Tweets that were part of an conversation_id that only occurred once were filtered out. This was done to avoid one-way conversations, and thus only take into account bidirectional tweets. However, it could be possible that tweets without the "ik" keyword were present in the conversation, but not in our dataset. This limitation is a result of our data harvesting method as some interactions are lost.
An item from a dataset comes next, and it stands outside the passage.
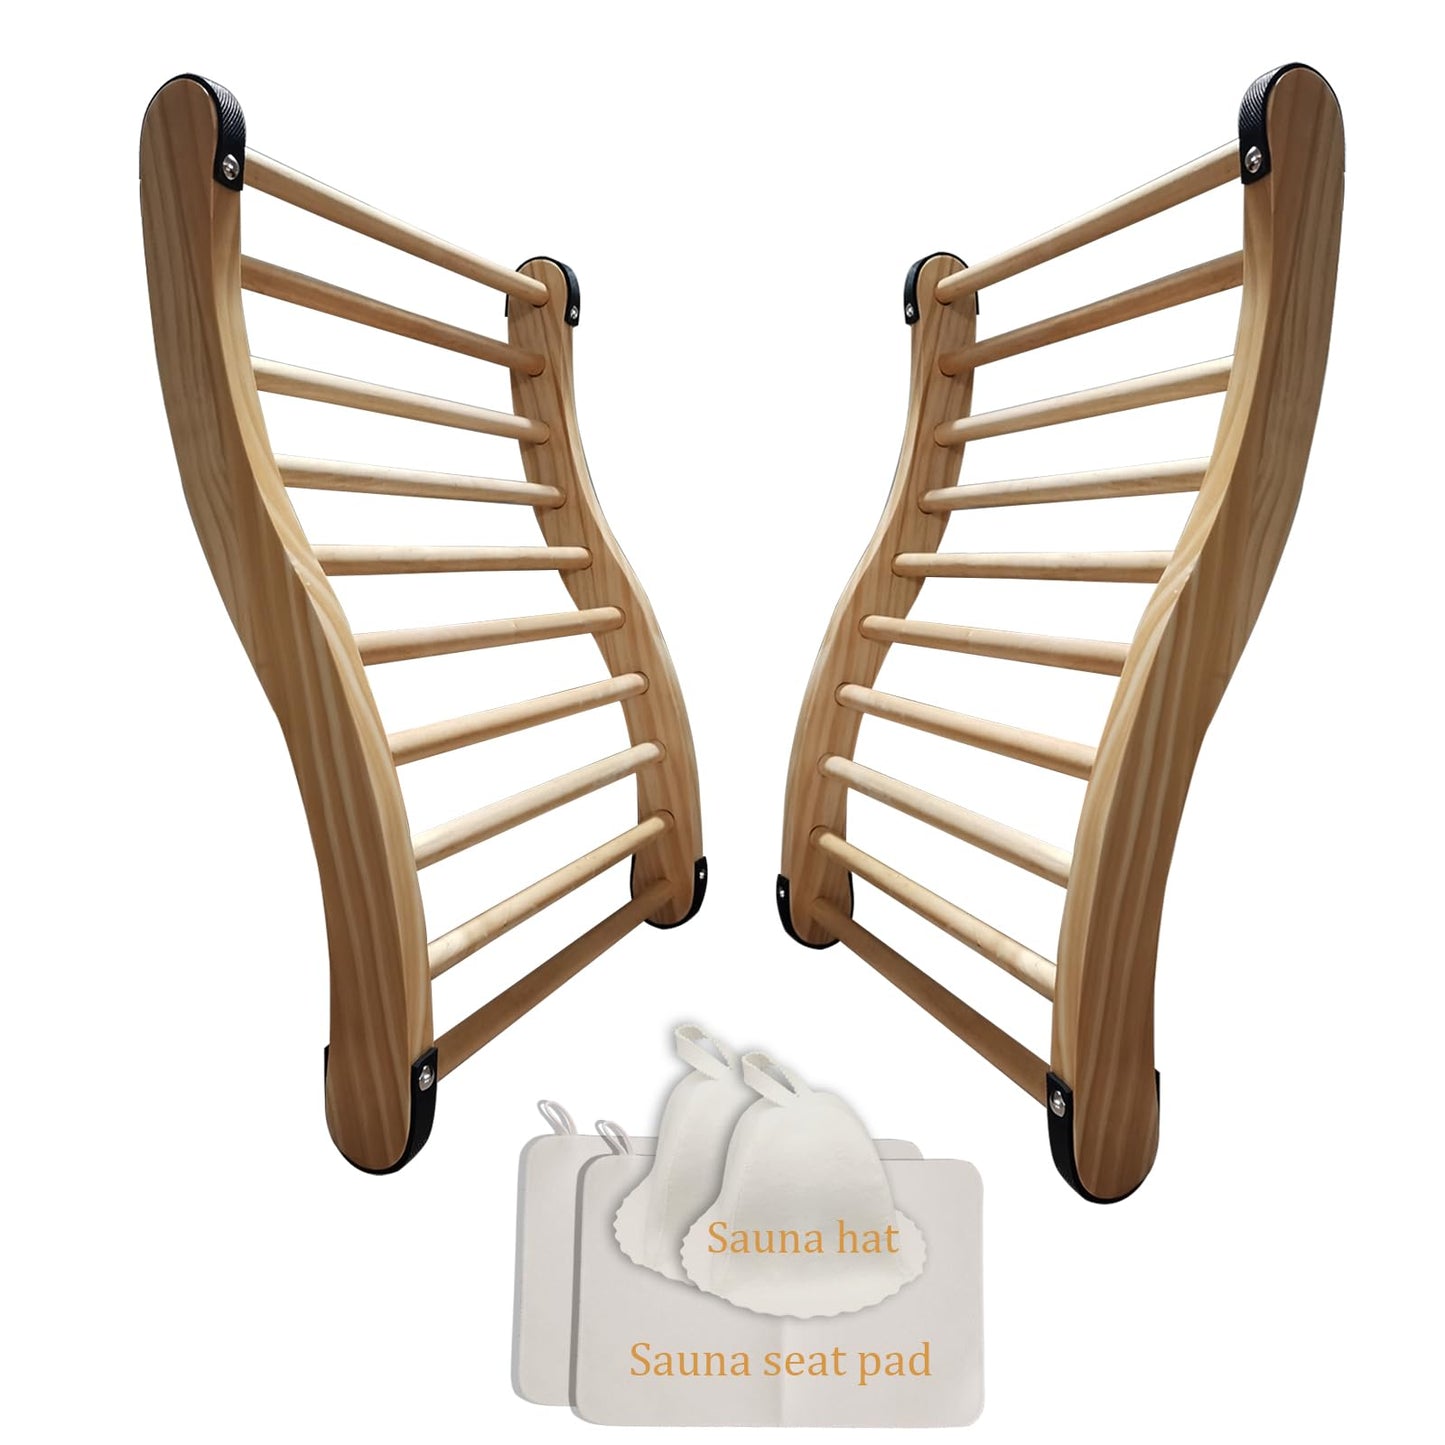 BESTNEWIE S-Shape Slip-Resistant Canadian Cedar Sauna Backrest Non-Toxic Sauna Backrest for Barrel or Infrared Sauna with Felt Sauna Hat and Seat Pad (2 Packs)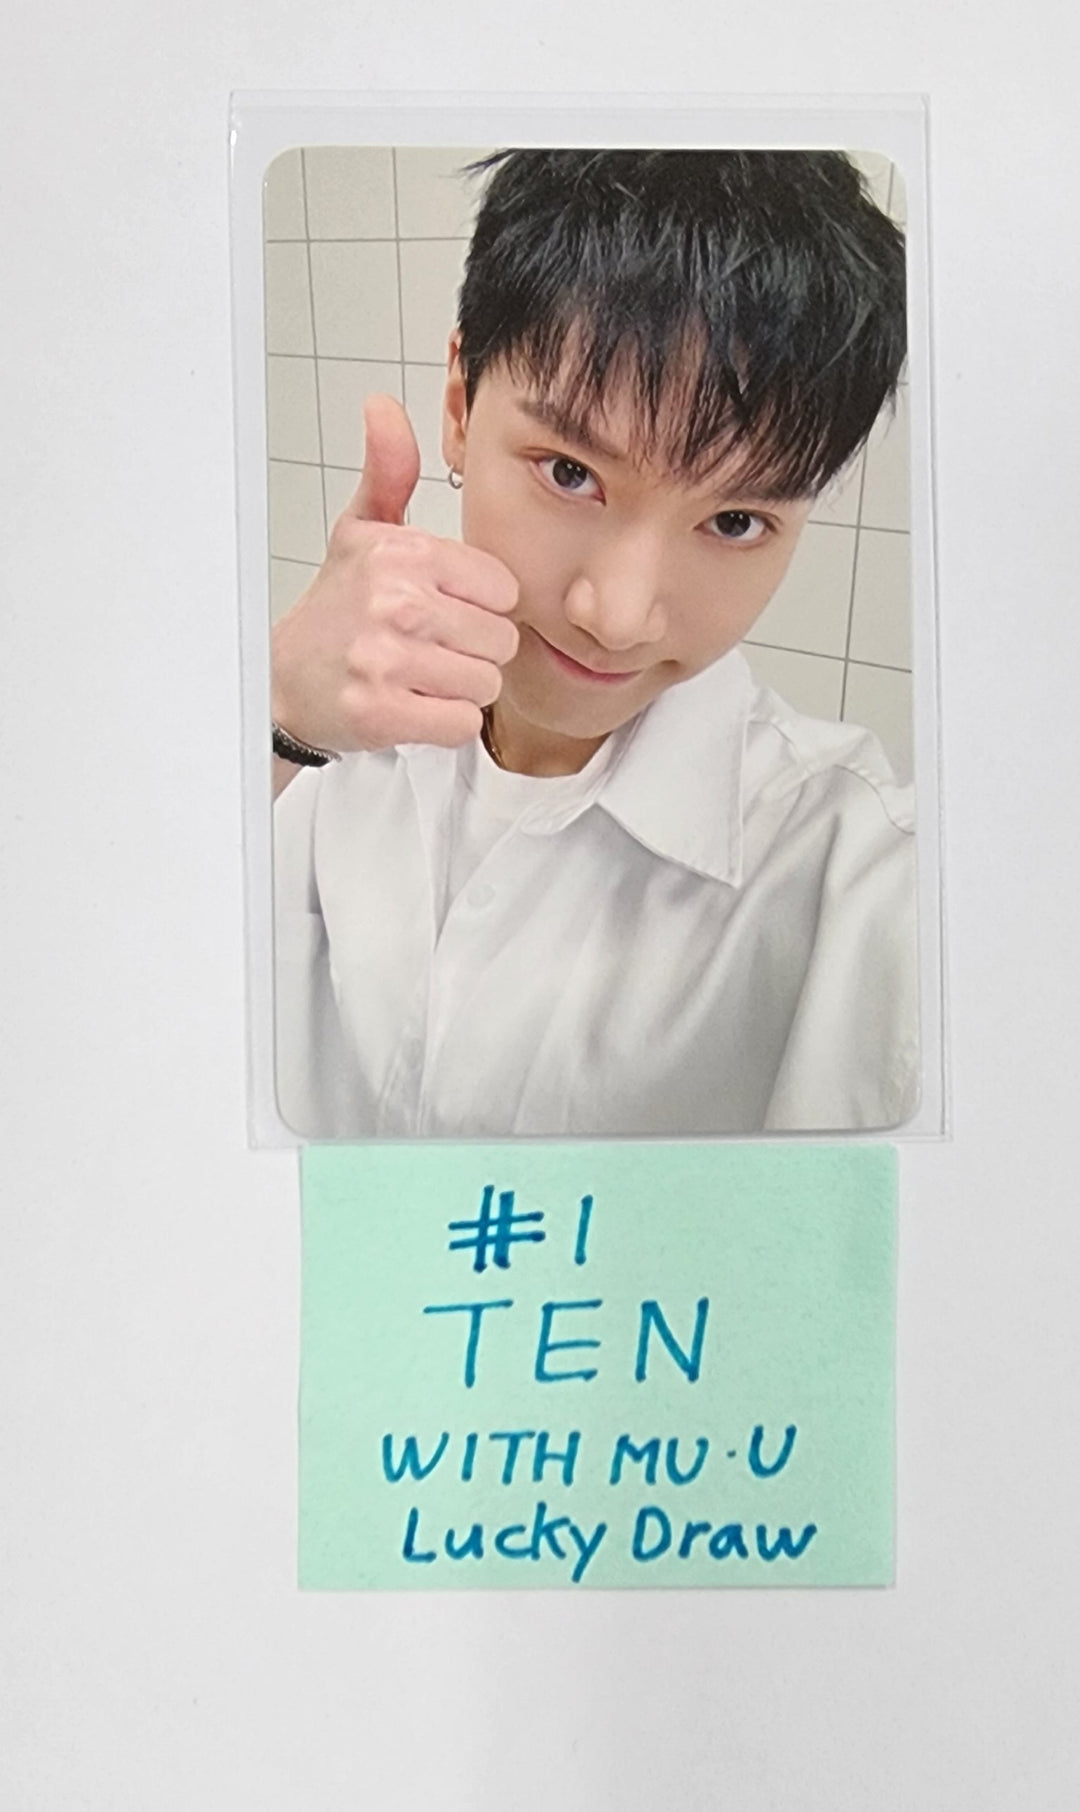 TEN 1st Mini "TEN" - Withmuu 抽選イベントフォトカード [24.3.5]

Our method to establish a receiver’s location comes with some limitations. Our approach was to look for the presence of the in_reply_to_user_id from the resulting dataframe and match them to the user_id in the older dataframe with all geotagged tweets. Since people can also tweet from locations other than their home (vacation location, job office, etc.), we are aware that this location may not necessarily be their residency. Of course, this is true for all location data. However, for receiver’s locations there is an extra limitation due to the assumption that the first corresponding match is the receiver’s location for all occurrences of this in_reply_to_user_id.